Ada Ferrer: Well, what they’re telling me is the situation is untenable. It’s just bleak, and there’s no relief in sight right now. You’ve mentioned the blackouts—twenty-two hours—but often, I have family in the interior, and there the blackouts go on for days. There are problems with water. You mentioned hospitals, transportation, everything. Food. Actually, banks are running out of money, so people, when they go to the bank, can only take out a little bit of money. Meanwhile, prices of everything are just soaring. So it just feels—it just feels unfathomable for a lot of people.
Mina Kim: And I’ve seen images of garbage piling up. I think you described it as “ramparts rising around a crumbling fort.” What is causing that as well?

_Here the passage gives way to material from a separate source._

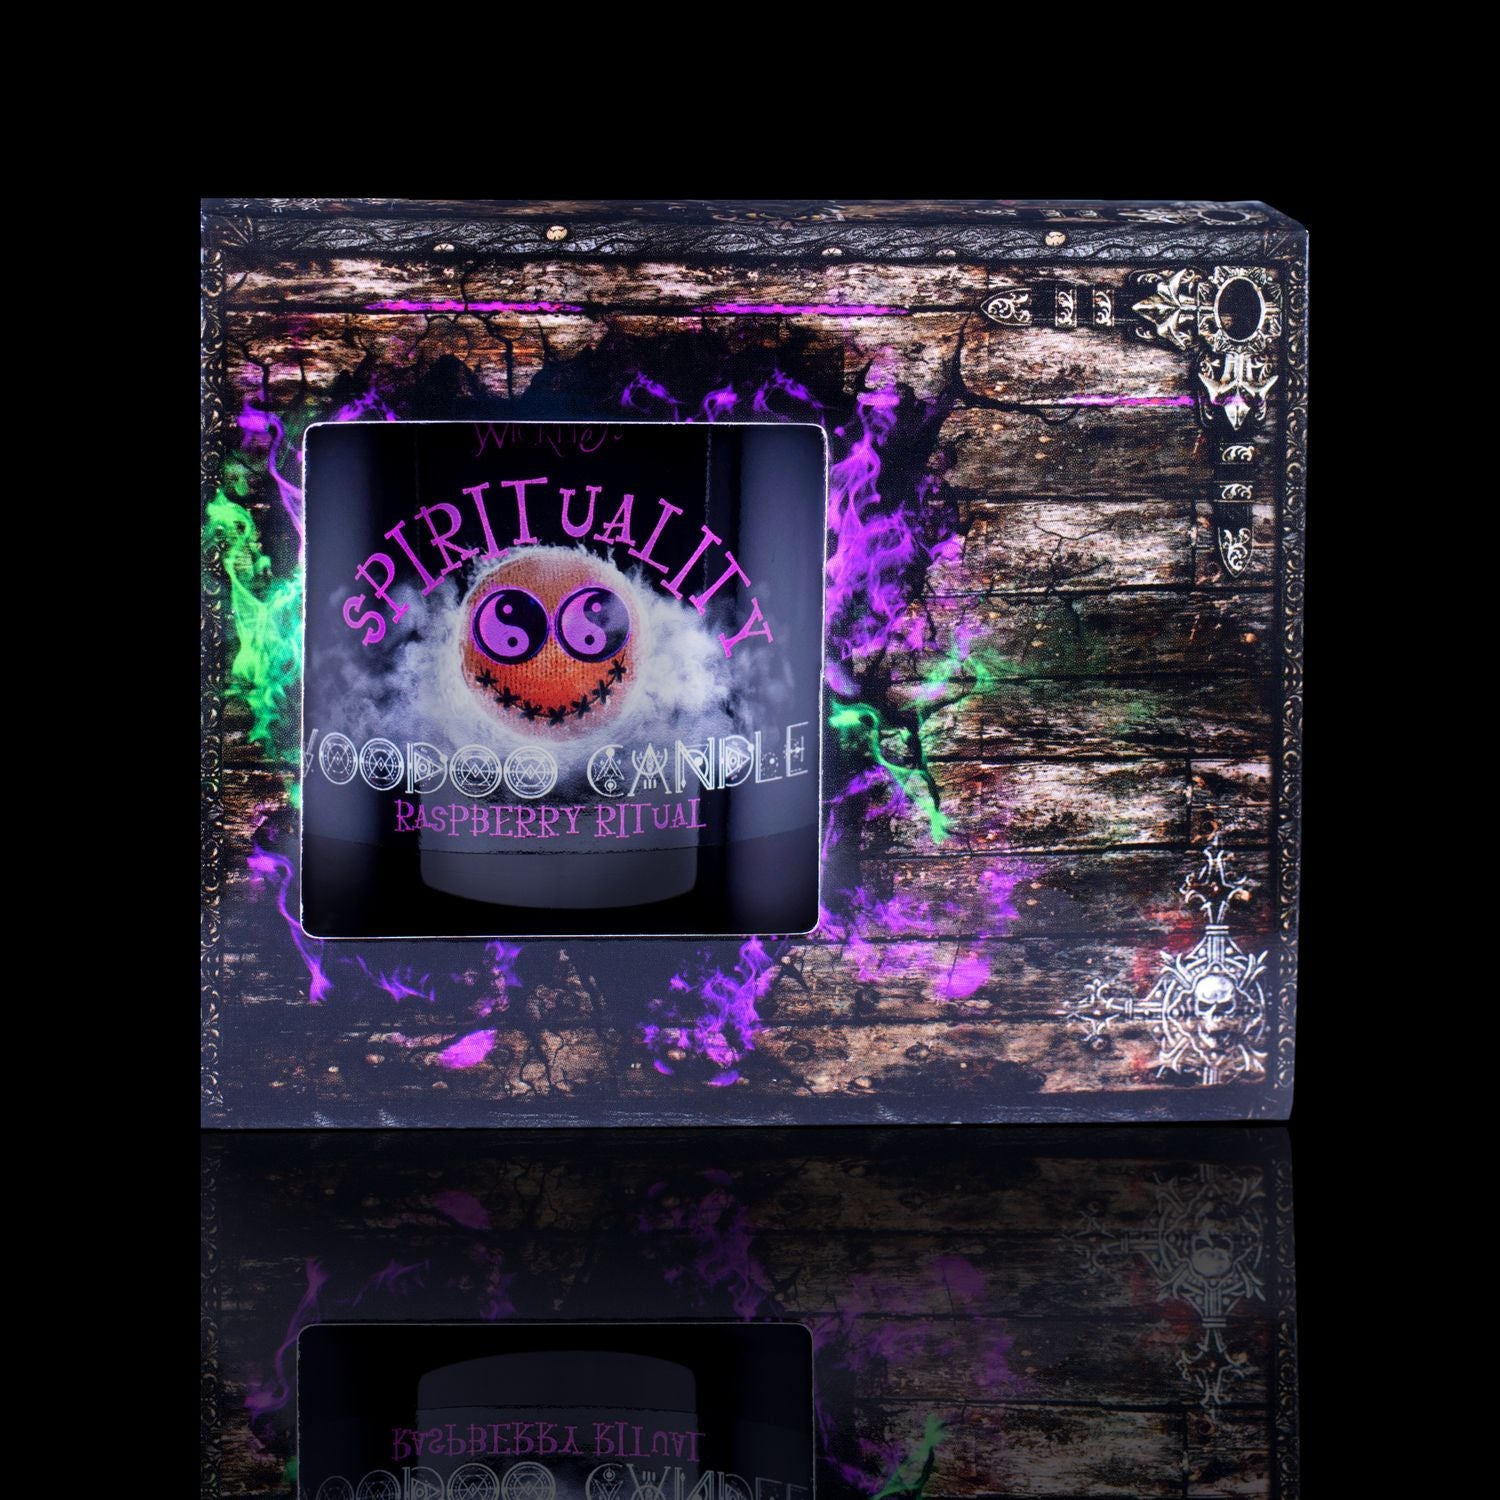 The Perfect Spell Candle For Spirituality. Naturally Wicked Voodoo Spirituality Candle Displayed In A Haunting Treasure Chest Gift Box. The Candle Features Plant-Based Smooth Purple Wax, A Wood Wick, Purple Voodoo Doll And A Beautiful Purple Amethyst Crystal Wand.
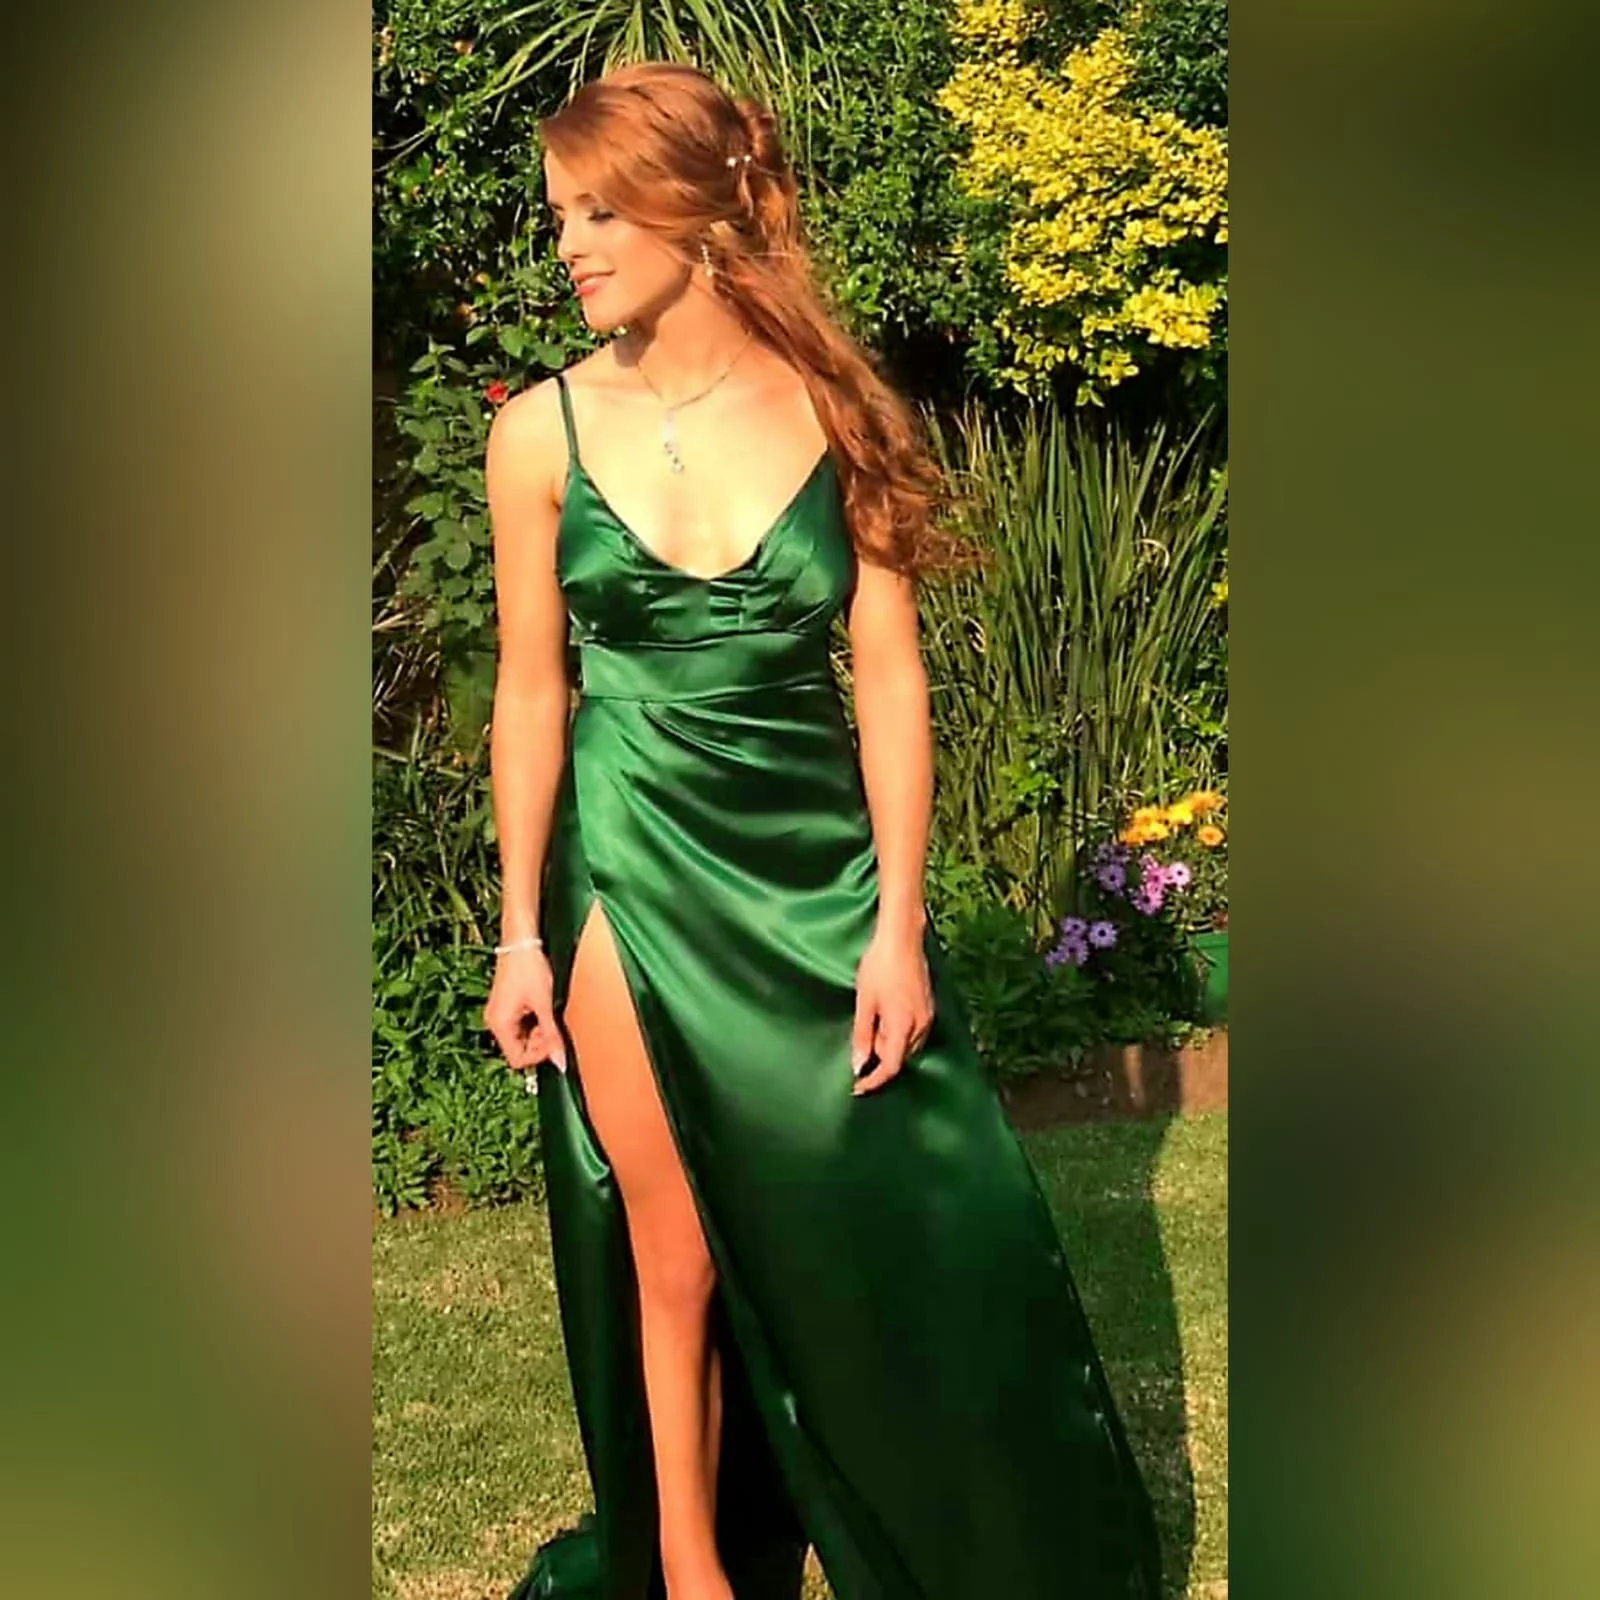 Emerald green long satin matric farewell dress 1 emerald green long satin matric farewell dress. With a high crossed slit and a train.

Ada Ferrer: Yeah. Well, again, the gas shortages, right? There’s no fuel for the trucks. So that’s a major thing. I would like to say, though, that in some sense the oil embargo has just made everything so much worse. But some of the things we’re seeing now were there before, in less intense form.
When I was there a couple of years ago, garbage was already piling up. Already there were blackouts. So what the oil embargo has done is put all that on steroids. The level of hardship and want is that much worse, and it’s nearing a humanitarian crisis.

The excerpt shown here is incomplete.